In Table 5.2, we present the line of code counts for the programs and their variations. A program's code includes its computation/function portion (defined in kv\_map() and kv\_reduce()), and the computation binding portion (defined in get\_map\_loc() and get\_reduce\_loc()). The baseline does not specify any computation binding and execute

Table 5.3: Programs and Key Properties

| Program (Dataset)                  | Data Size | Num Tasks  | Data/Task | $\frac{\rm Mean}{\rm Inst/Task}$ | StdDev<br>Inst/Task |
|------------------------------------|-----------|------------|-----------|----------------------------------|---------------------|
| Convolution Filter (8Kx8K          | 512MB     | 67,076,100 | 72B       | 58                               | 0                   |
| Matrix, 3x3 filter)                |           |            |           |                                  |                     |
| PageRank & BFS (RMAT               | 292M      | 1,048,576  | 305B      | 154                              | 43,395              |
| graph scale 20, $2^{20}$ vertices) |           |            |           |                                  |                     |

everything on 1 lane, so 0 lines are required.

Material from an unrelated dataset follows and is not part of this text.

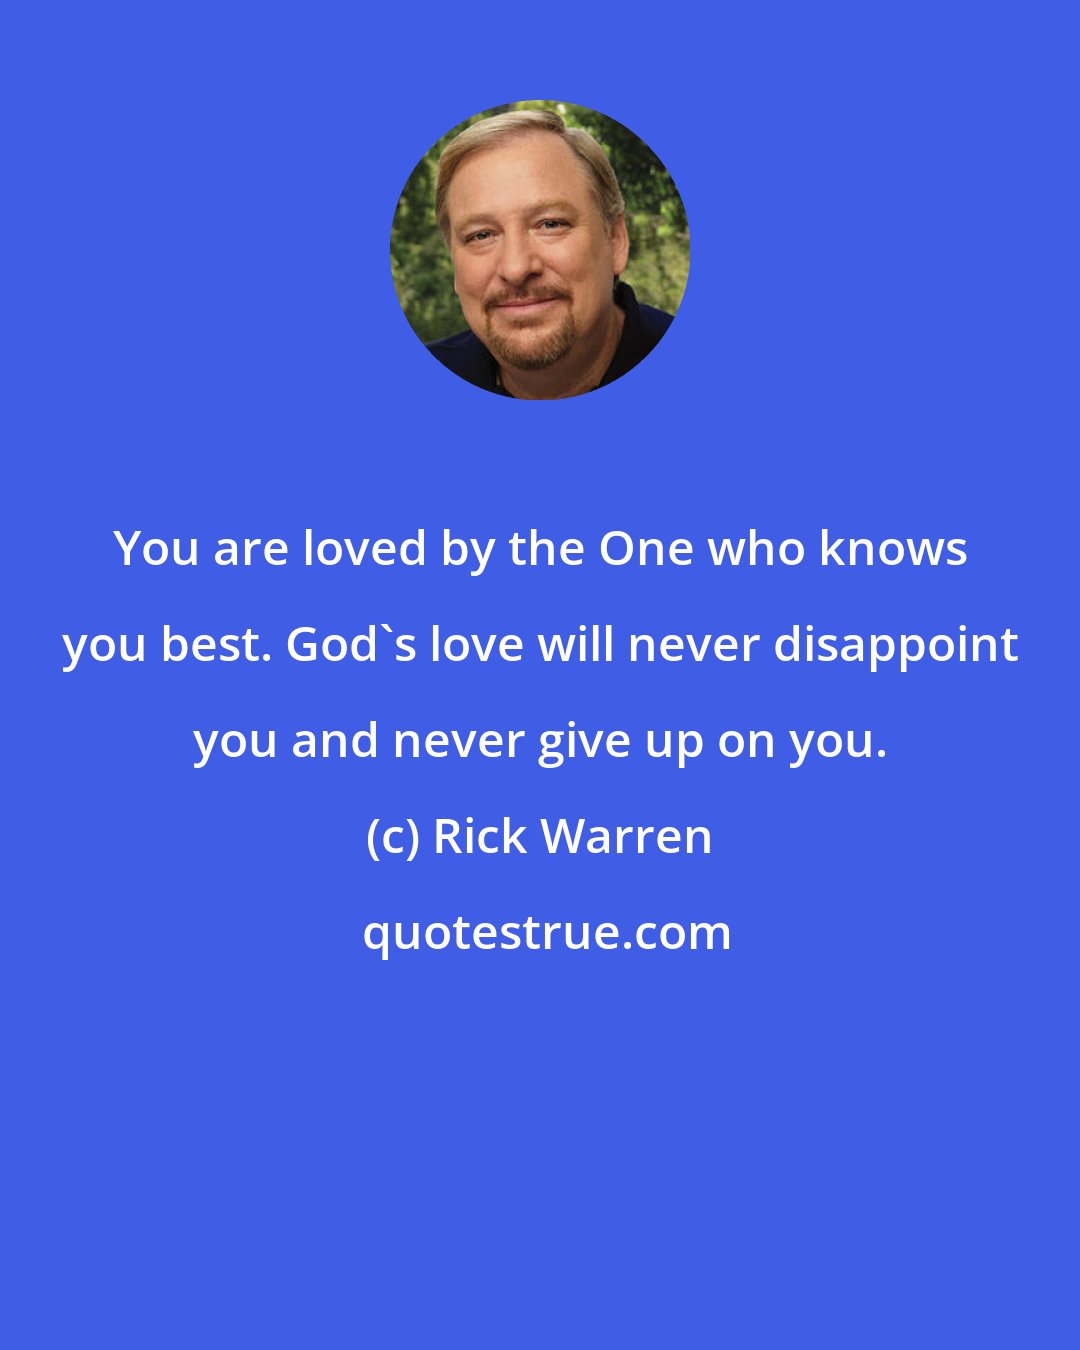 Rick Warren: You are loved by the One who knows you best. God's love will never disappoint you and never give up on you.

The static bindings in convolution filter, PageRank, and BFS programs each add 2 lines of code to specify computation location from keys or data location using get\_location(data). One line in each of get\_map\_loc() and get\_reduce\_loc(). PageRank's and BFS's dynamic binding version based on the compute load (see Listing 4.6) adds 6 lines using the UpDown intrinsic function get\_less\_busy\_lane().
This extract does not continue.